I'm also DVRing it and will probably watch the pilot this weekend.  I listen to several Lost podcasts, and a lot of Lost fans are excited about V.  I heard that the screening of the pilot at ComicCon was a big hit.


----------



## NogDog (May 1, 2009)

I don't know if I'll watch this at all, now or waiting for re-runs. If it gets really good reviews I might get sucked into it, but in general I have trouble with the "willing suspension of disbelief" thing for these "aliens invade present-day Earth but Earth somehow fights them off" stories (assuming that in the end we will win against the "V" aliens?). Such stories generally seem to presume that:

1. Aliens can get here with more than a relatively small exploratory spaceship, thus demonstrating a level of technology and resources well beyond our current abilities.
2. Said aliens would actually have a reason to want to conquer/destroy/enslave/


Spoiler



anal-probe


 us.
3. Said aliens, though presumably intelligent and advanced enough to accomplish item #1, would be stupid enough to put themselves in a situation where we can defeat them instead of, say, lobbing asteroids at Earth until our entire infrastructure is destroyed and the human race is reduced to a medieval level of technology (or worse).

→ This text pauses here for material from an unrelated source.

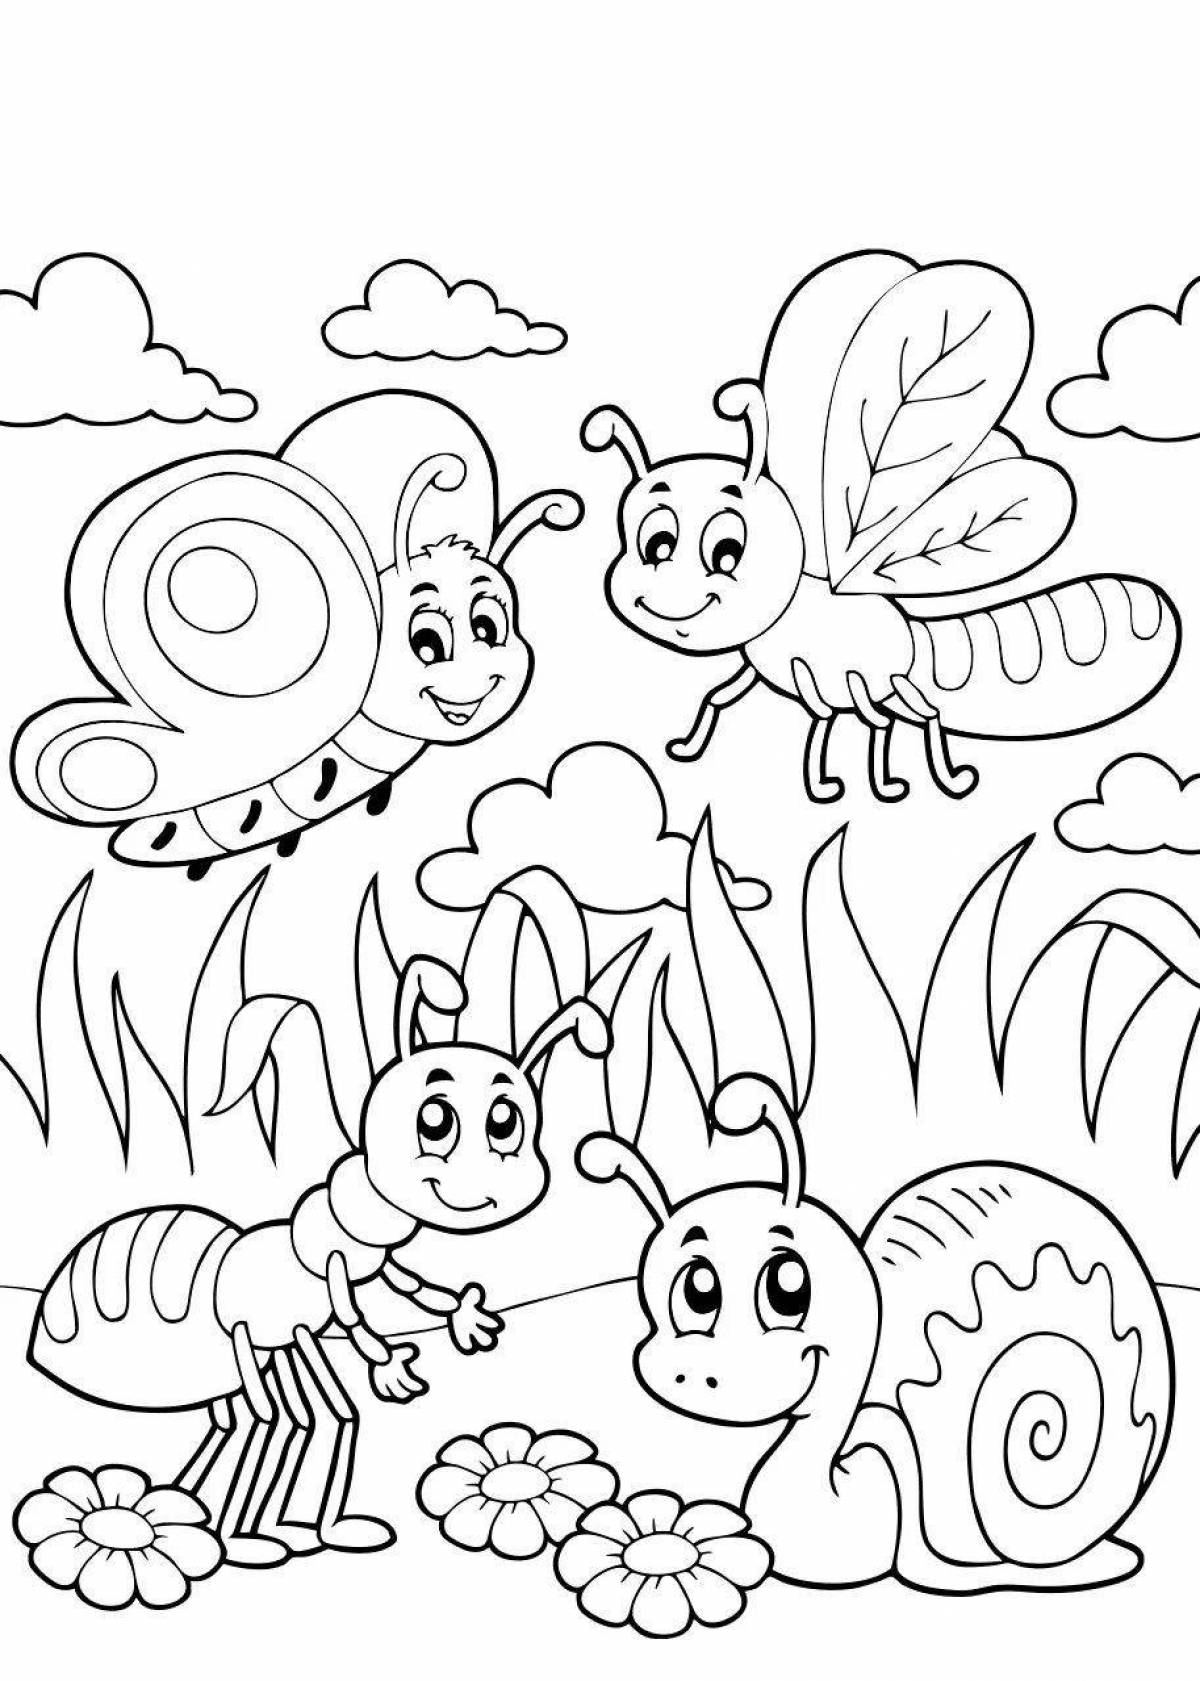 Cute insect coloring book for 6-7 year olds

But I suppose if it's done well with compelling characters, it could still be enjoyable; I just don't feel any particular urge to do so yet.


----------



## sierra09 (Jun 20, 2009)

I haven't made up my mind on how compelling these characters are in this version yet. Nothing pulled me in while watching the pilot as the original did but then I went in with preconceived expectations to see how much they changed so that probably affected my viewpoint.


----------



## Susan in VA (Apr 3, 2009)

NogDog said:


> in general I have trouble with the "willing suspension of disbelief" thing


Try this: 

http://www.youtube.com/watch?v=VObQfWMgmIM


----------



## CS (Nov 3, 2008)

Tonight's episode was a major step back IMO. It succumbed to the same trap as Flashforward - slow as molasses, barely any plot points furthered.

With V only being a 4-episode miniseries for now, that was a mistake the show couldn't really afford to make.

It wasn't horrible or anything, it's just that nothing much really happened.

Still, I'll remain on board for now and give it time - because like Flashforward, the potential is definitely there.


----------



## Jaasy (Feb 28, 2009)

Did anyone check out the "kindle" commercial on V ?


----------



## CS (Nov 3, 2008)

Jaasy said:


> Did anyone check out the "kindle" commercial on V ?


I saw it. I wish I could be enthusiastic about it, but that was one of the worst commercials I've ever seen. Who are they trying to market to? Just terrible.


----------



## angelad (Jun 19, 2009)

Saw the first episode, and it seemed very dry.  Propaganda written all over it.


----------



## Jaasy (Feb 28, 2009)

CS said:


> I saw it. I wish I could be enthusiastic about it, but that was one of the worst commercials I've ever seen. Who are they trying to market to? Just terrible.


CS, I thought I was just being "picky" - ITA, it was pretty bad!


----------



## Veronica (Jan 23, 2009)

Loved the original mini-series as a kid. I don't remember a WHOLE lot about it now, but I remember my friends and I playing "V". I was pretty impressed with


Spoiler



the baby who grew up superfast and had that awesome lizard tongue


! I watched the first episode of the new V. I really wanted to give it a chance, but I just couldn't bring myself to watch the second episode.

Also--didn't realize it was a mini-series this time around. What a slow start for a mini-series! Overall, I'm so disappointed.


----------



## marianneg (Nov 4, 2008)

The current version isn't meant to be a miniseries.  The 4 episodes this fall are a "mini-season", and they're supposed to show some more in the spring.


----------



## CS (Nov 3, 2008)

MUCH better episode this week. It's back to the quality of the premiere.


----------



## louiseb (Mar 2, 2009)

This is another one that I was a fan of the original and have it all on DVD. Am now enjoying the remake, gotta love the Firefly alum. I do hope it gets more than a short season.


----------